Speed Regulation

Written by Martin Black

This article originally appeared in Eclectic Horseman Issue No.42

While visiting an 84-year-old buckaroo friend of mine recently, he made the comment that “A man is as close to heaven as he’ll ever be when his horse is walking out as fast as he can with the bridle reins real loose, swinging side to side, and some weight in the stirrups with the same life and rhythm.” I had to agree with him, and later I got to thinking about why it is such an addicting feeling to experience. 

When I see people riding along, especially when they are headed somewhere and will be awhile getting there, and their horse isn’t walking out free and going somewhere, it frustrates me. There is a lot more going on with a horse that doesn’t have life while traveling out than just not walking out. If we can’t bring the life up and maintain it in a straight line, going in a direction that the horse wants to go, it probably isn’t going to happen any other time. But if we can bring that life up and keep it right there, just short of breaking into the jog, we have refined our speed regulation. One of the most important things we can accomplish with our horses is speed regulation. If we can’t regulate the speed with our horses, it will affect our timing while working cattle, roping, and most every maneuver we would ask for: leads, stops, turns, etc.

The walk is a good place to work on speed regulation, because it is something that we do a lot of the time while riding our horses. It’s something we can work on anytime, anywhere. It may be easier on a long ride when you are miles from home, and the horse is interested in getting there. But we can develop that same feel, that same interest, while walking around in an arena or anywhere else.

The two things that make it easier for the horse are for him to feel the life or rhythm of our body slightly ahead of him and for him to feel our eyes fixed in the direction we want him to go.

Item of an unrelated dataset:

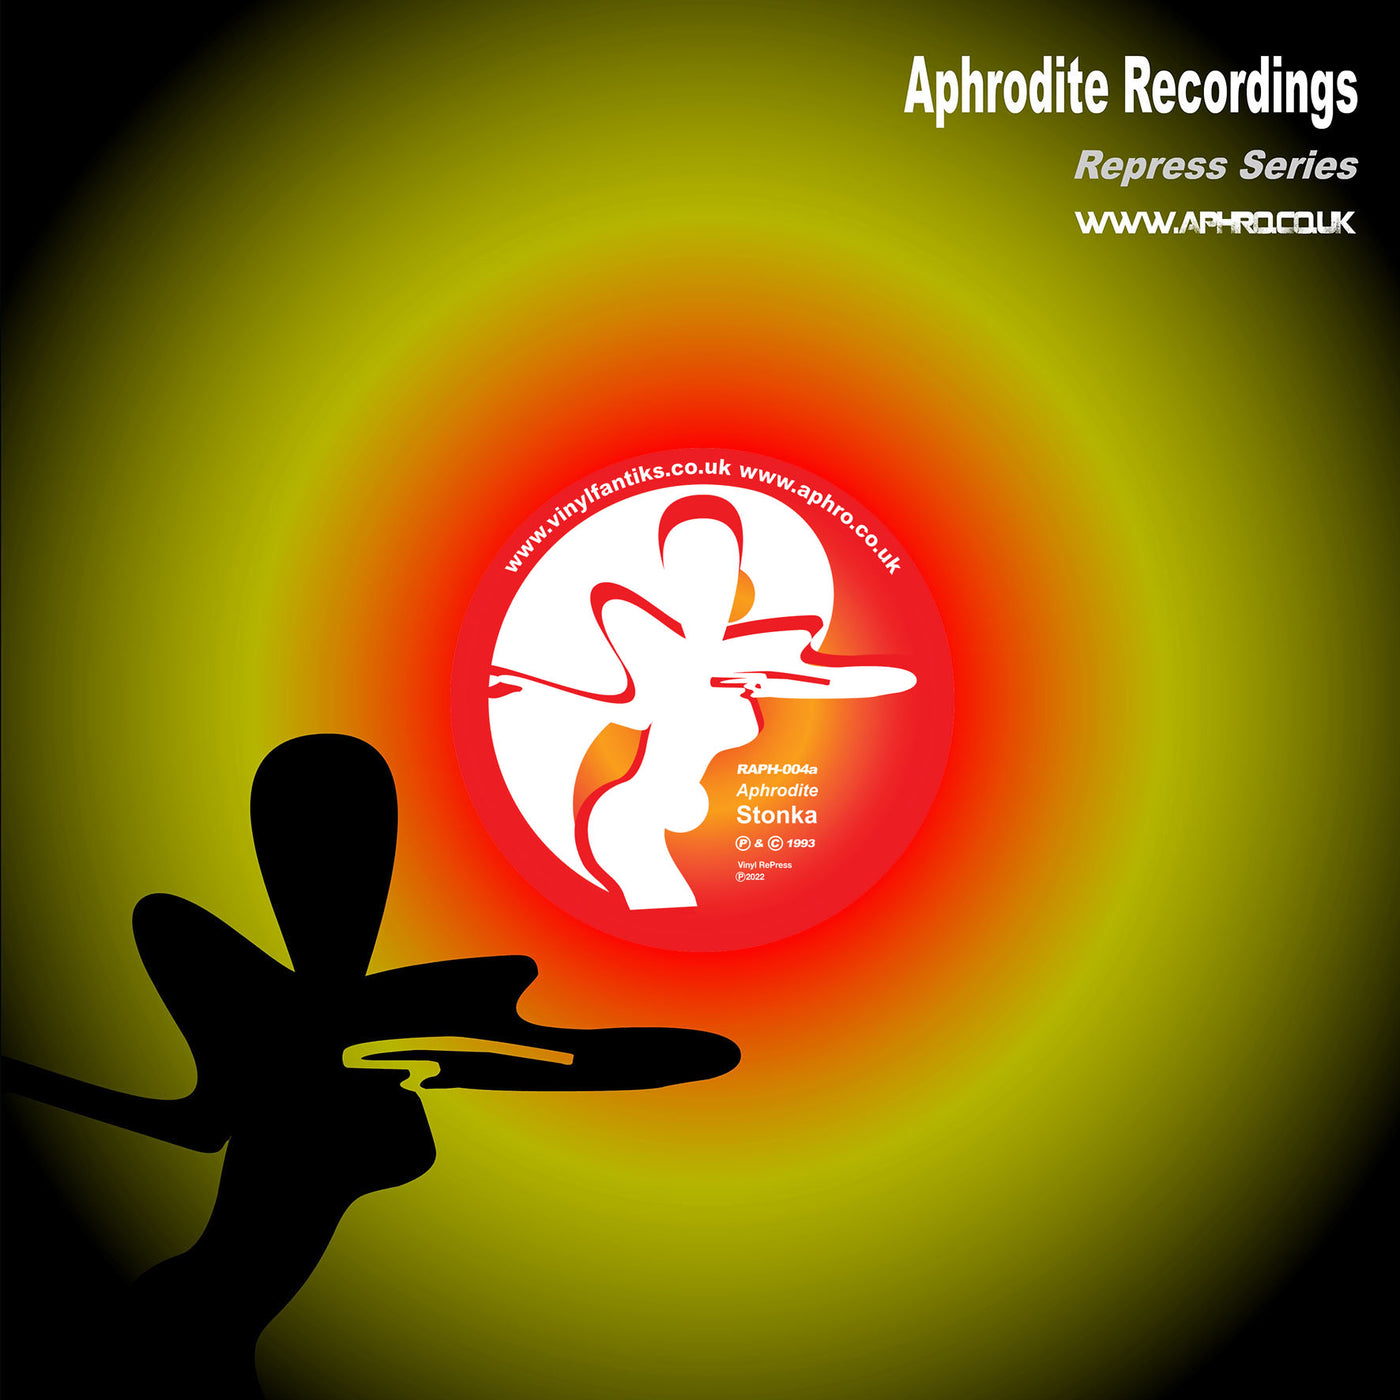 Aphrodite Recordings Bundle Pack - T-Shirt/RAPH004/RAPH007

What this means is that we are bringing the life to the surface, and we have a direction for him to take it. It is difficult for the horse to be motivated if he doesn’t feel through the rider like there is somewhere to go. If we maintain a direction, even if it is circles or straight lines, as long as the horse feels encouraged to go there, it will help to motivate him. If our energy is slightly ahead of the horse’s energy, he will find that rhythm and will want to be with us.

An older horse that has been callused to different riders or ridden a lot at a slow pace may take more encouragement. He may need to bring the life up into the trot, then back to the walk. After a while, he can learn to bring the life up in the walk without trotting.

When a horse learns that he has a purpose, and he feels that he is accomplishing something, he is a lot more interested and happy to go on and do other things with us. And like my friend said, it is a good feeling when you can bring that energy up, and it stays there, and that horse’s desires line up with yours.

If you haven’t experienced this, try it. Then see if it doesn’t carry over into other things you may do with your horse. Your horse will appreciate a clear direction and purpose.